08 Aug 2012 henrygarner.com

I’m thrilled to report that Likely has been awarded a Dreamy (Technology) for our contribution to Big Data analytics. Last night I was proud to represent the team as I collected the award on stage with my co-founder Daniel Shore. Since the awards are pan-industry I was asked to say a few words about contemporary data analytics that would contextualise our work. I’ve included them below for posterity.

Henry Garner and Daniel Shore at the Dreamy Awards

Thank you Dreamies. It is a tremendous honour to receive this award on behalf of Likely. I’m so proud to be recognised for our work in the realm of big data analytics.

Today is a hugely exciting time to be involved in data analytics. Two and a half quintillion bytes of data generated on a daily basis. There are a billion Facebook users, hundreds of millions of twitter accounts and as many tweets are generated every day.

Traditional databases can’t cope with this quantity of human information. They were built for the limitations of computers decades ago. A new ecosystem of new data stores has evolved built by web companies like Google, Amazon, Facebook, Twitter and LinkedIn. They’ve been engineered from the outset for the web’s scale.

They’re horizontally distributed, designed to run across thousands of computers in parallel. This has introduced new data processing paradigms - systems like Map/Reduce or Pregel - where computers collaborate on computation.

These are disruptive technologies. To quote Nobel Laureate Philip Anderson, “More isn’t just more, more is different”. Scientific simulations that might have taken a year before can now be run in a day. And the technology is available to everyone with an internet connection.

This enables radically different approaches to problems.
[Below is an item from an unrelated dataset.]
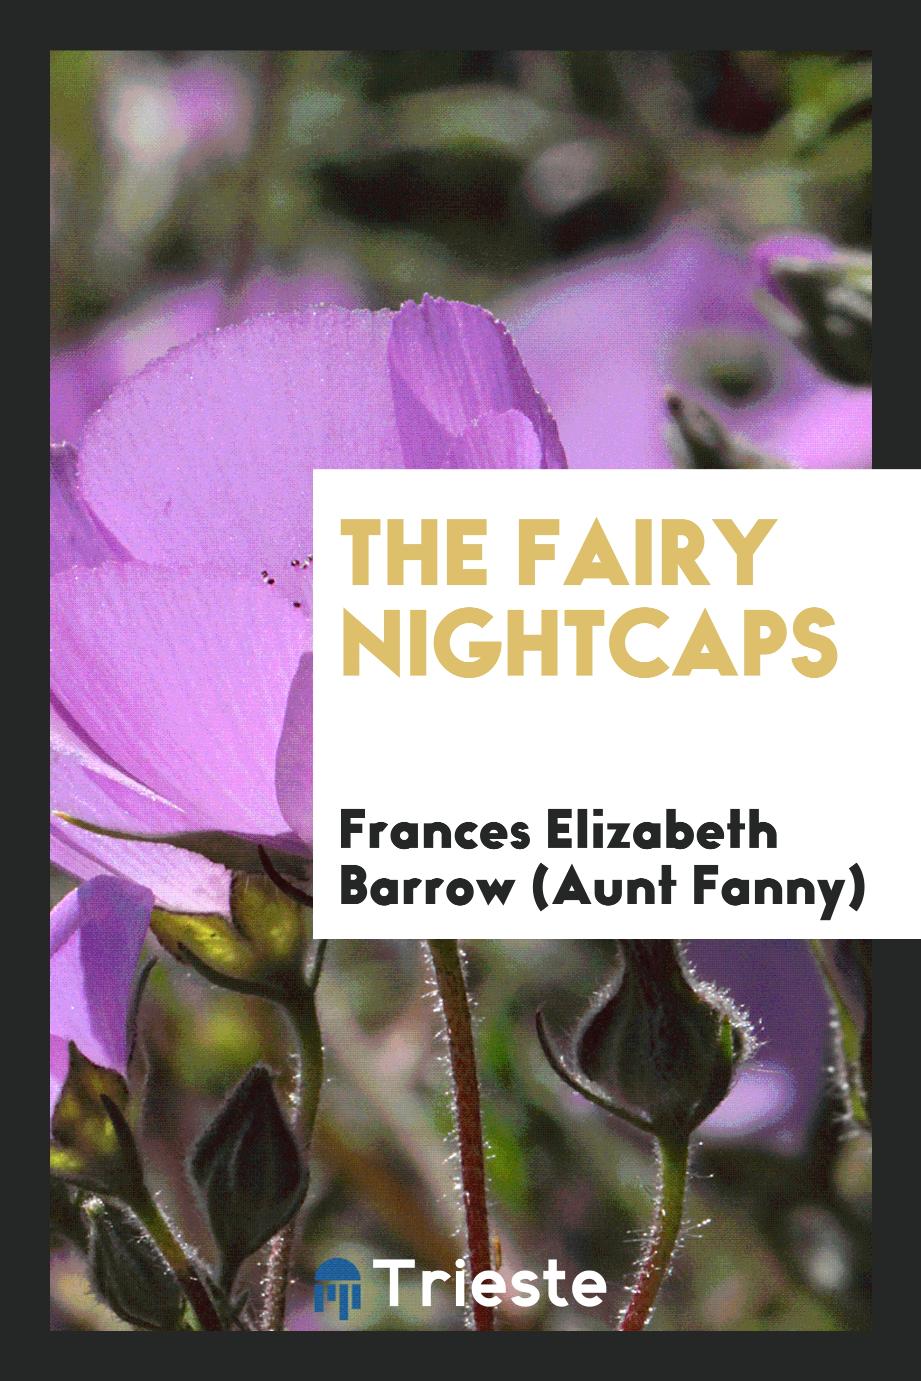 The fairy nightcaps

An example is statistical machine translation - algorithms for turning English into French or vice versa - which was thought impossible after the failures of the 1960s. It is now extremely successfully implemented, thanks in part to the volume of digitised multilingual transcripts available from places like the United Nations or EU Parliaments and our new ability to process them.

Google’s Director of Research Peter Norvig calls this “the unreasonable effectiveness of data”. How billions of data points can lead to new understanding.

The goal of understanding is to predict, and this is what Likely are about. We want to connect audiences with the content they will love. This means determining which audiences to reach out to, where they can be found, what they will find particularly engaging and when they will be available to appreciate it.

I’d like to thank our wonderful team without whom none of this would have been possible. I’m so pleased that many of them are here tonight. This is for you.

Thank you again for your recognition.